- Task prompt
The entries below contain pictures. Write out only the lines from the line with "Karwendel Bergpanorama mit" up to and including the line with "Fußboden Fliesen Schwarz", exactly, without them.

- Exercise materials
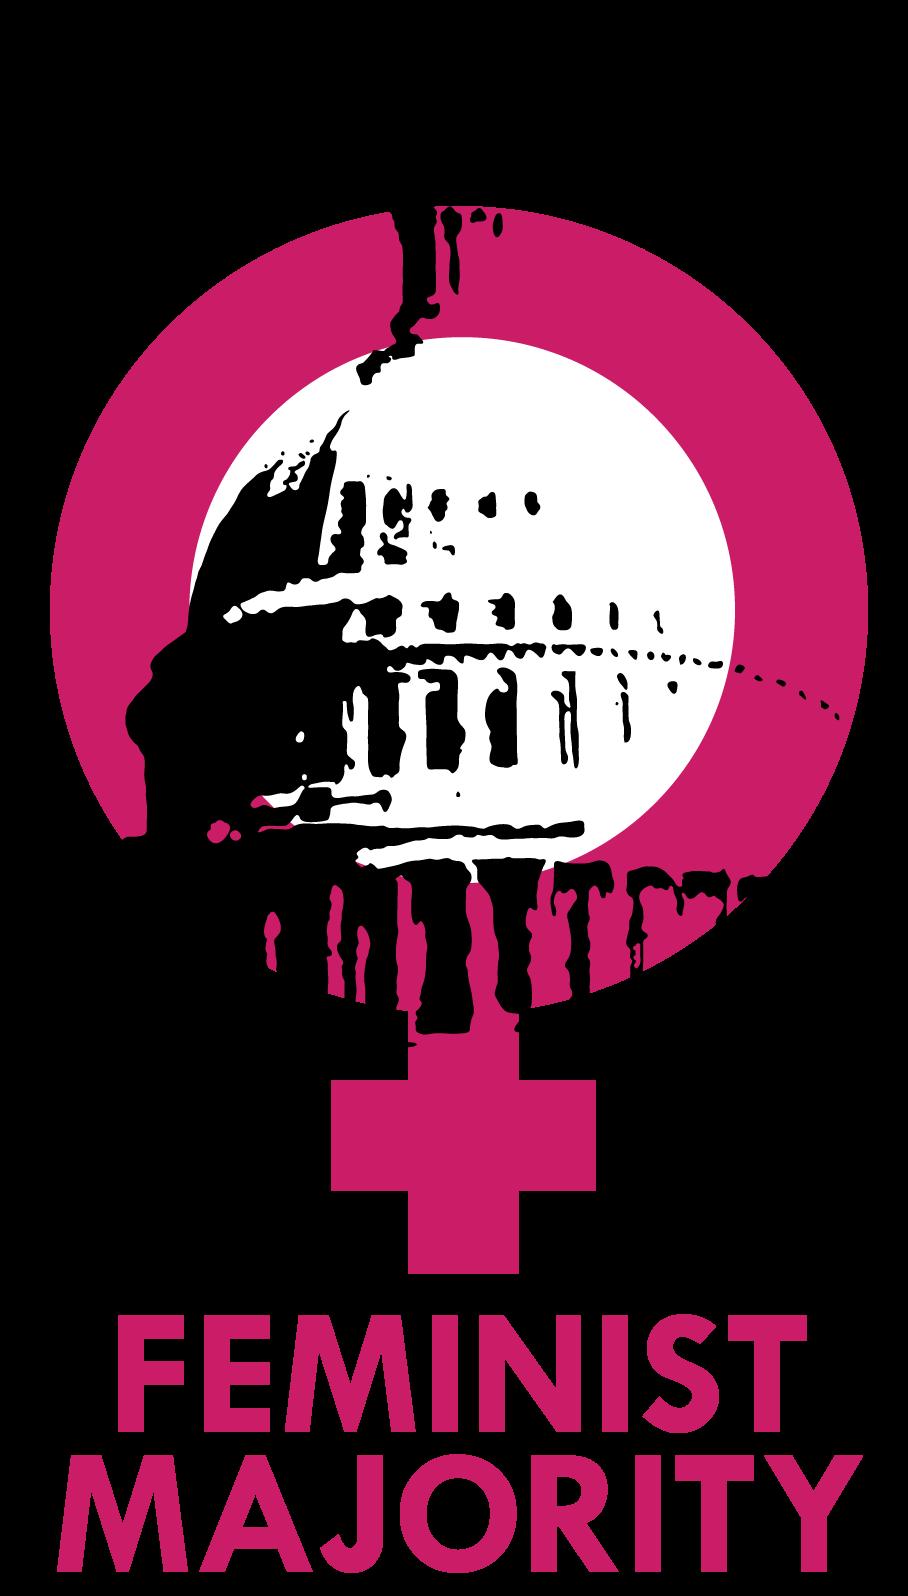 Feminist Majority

---

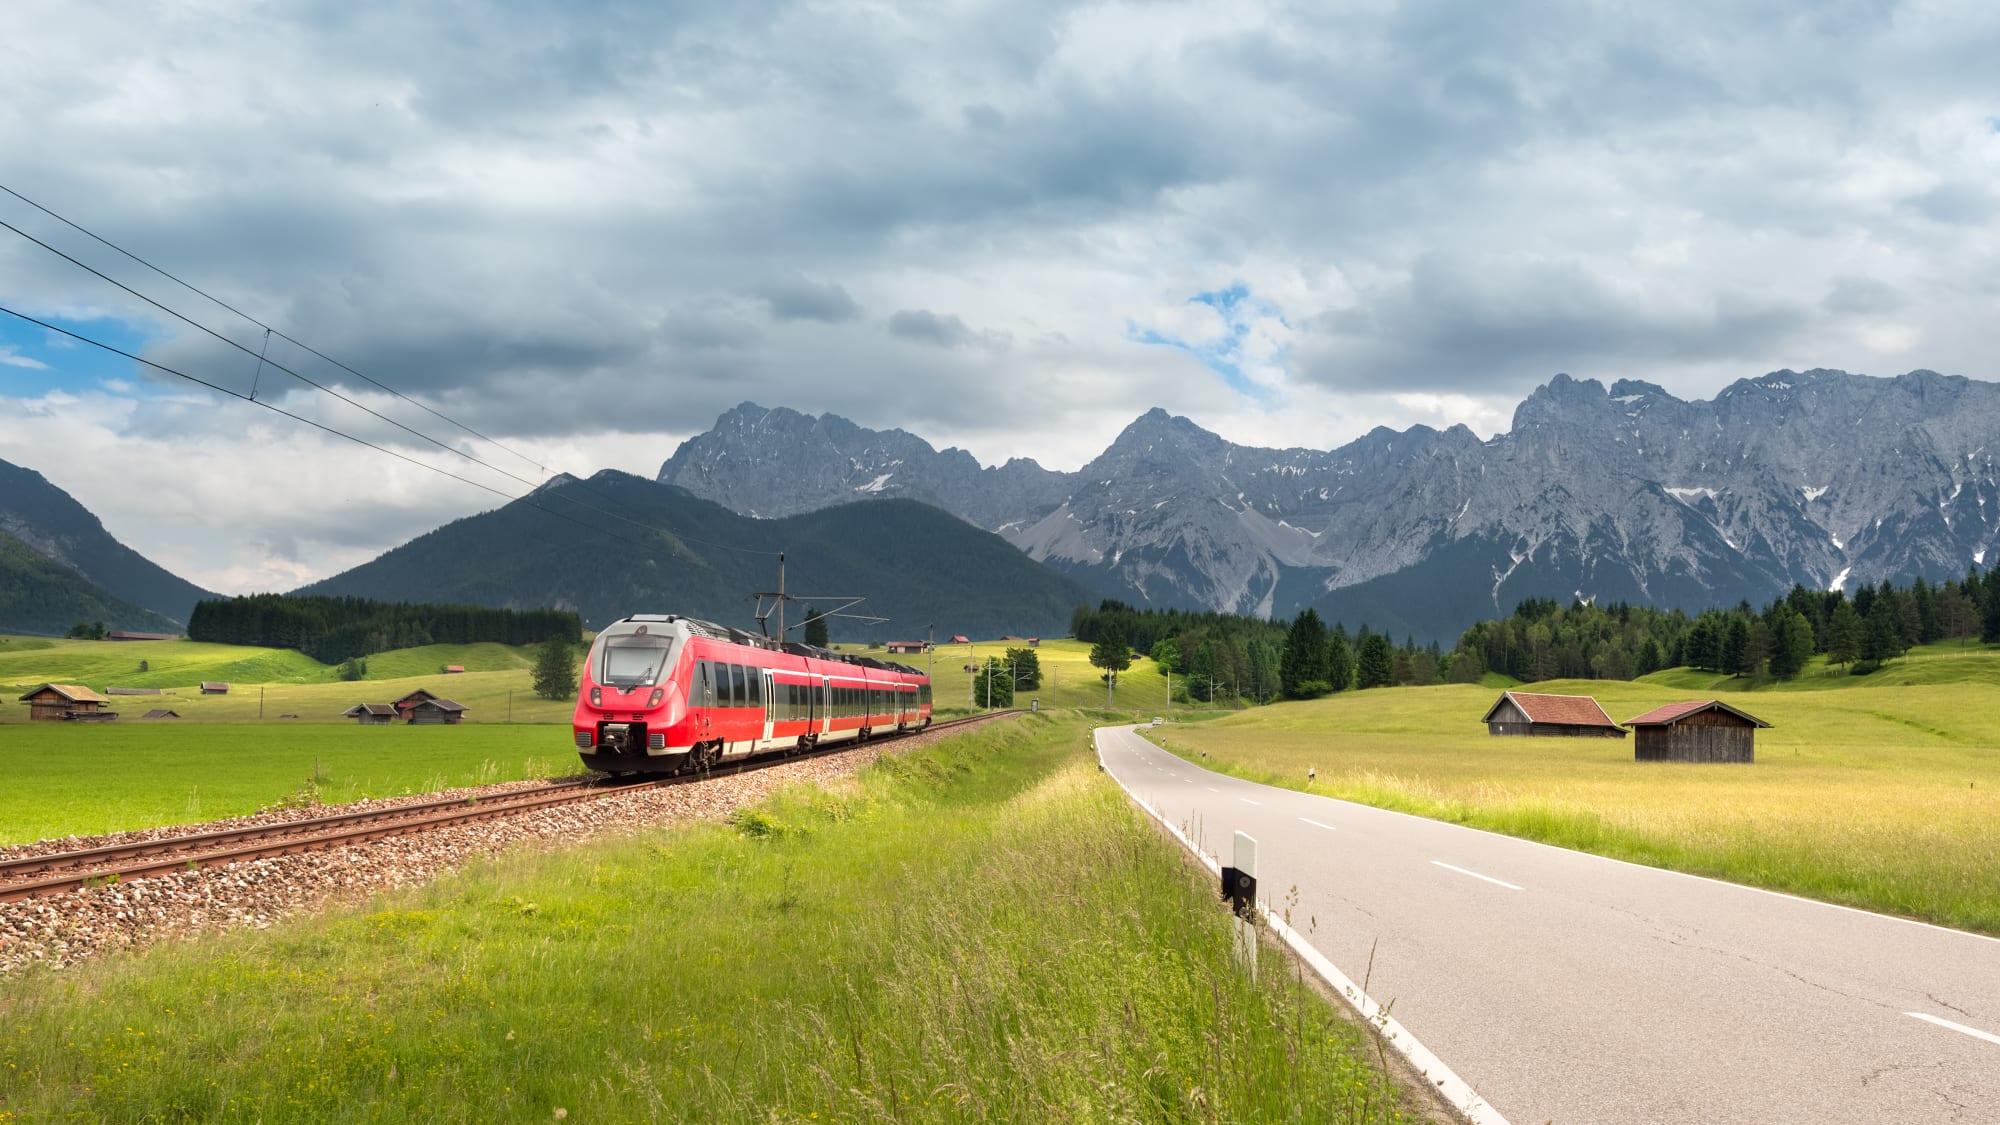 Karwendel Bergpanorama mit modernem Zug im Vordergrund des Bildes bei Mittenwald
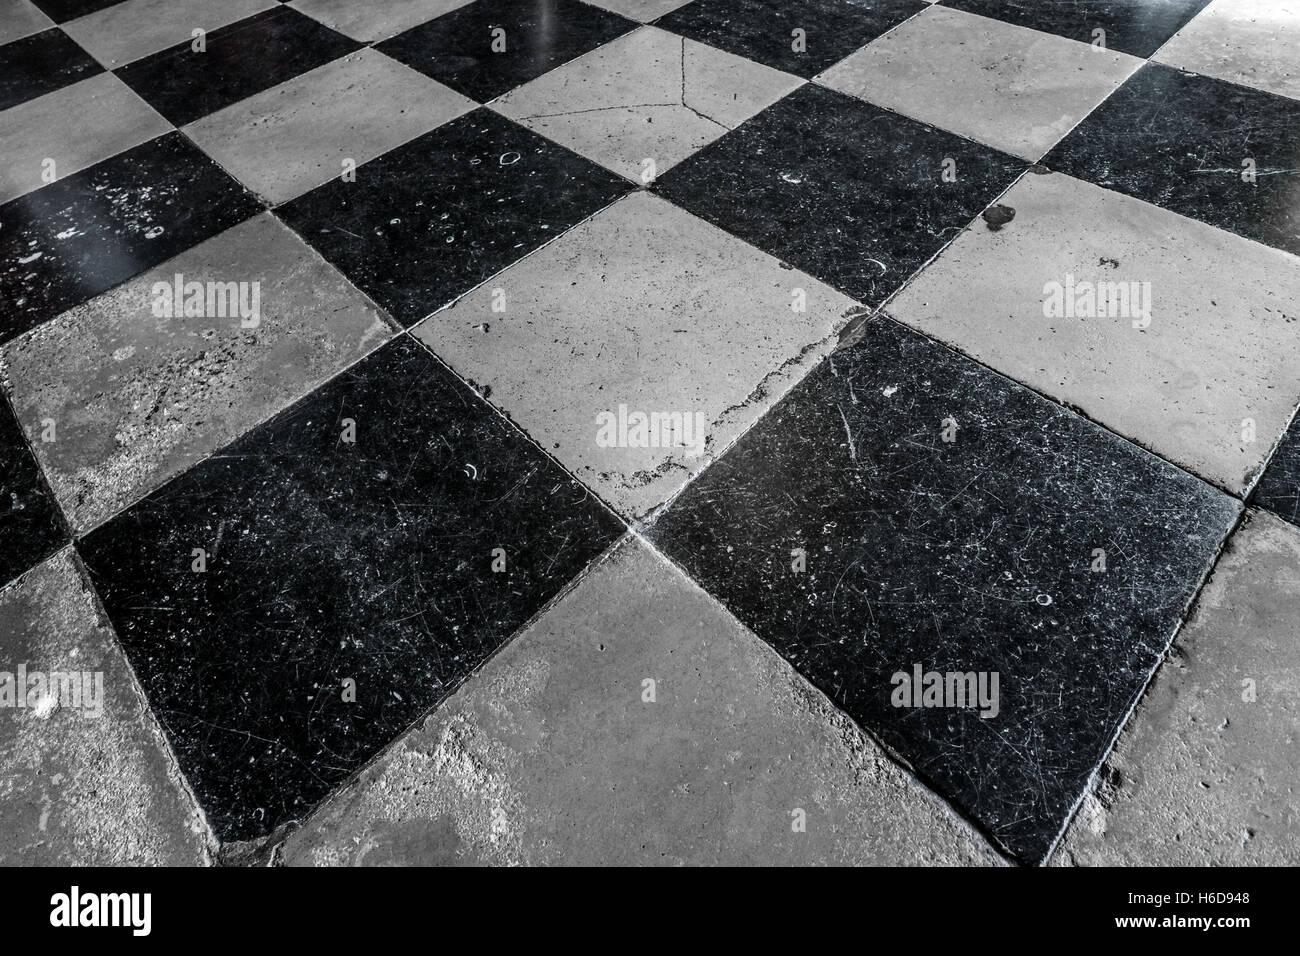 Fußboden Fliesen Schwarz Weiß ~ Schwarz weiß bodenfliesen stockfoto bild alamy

- Result
 Karwendel Bergpanorama mit modernem Zug im Vordergrund des Bildes bei Mittenwald
 Fußboden Fliesen Schwarz Weiß ~ Schwarz weiß bodenfliesen stockfoto bild alamy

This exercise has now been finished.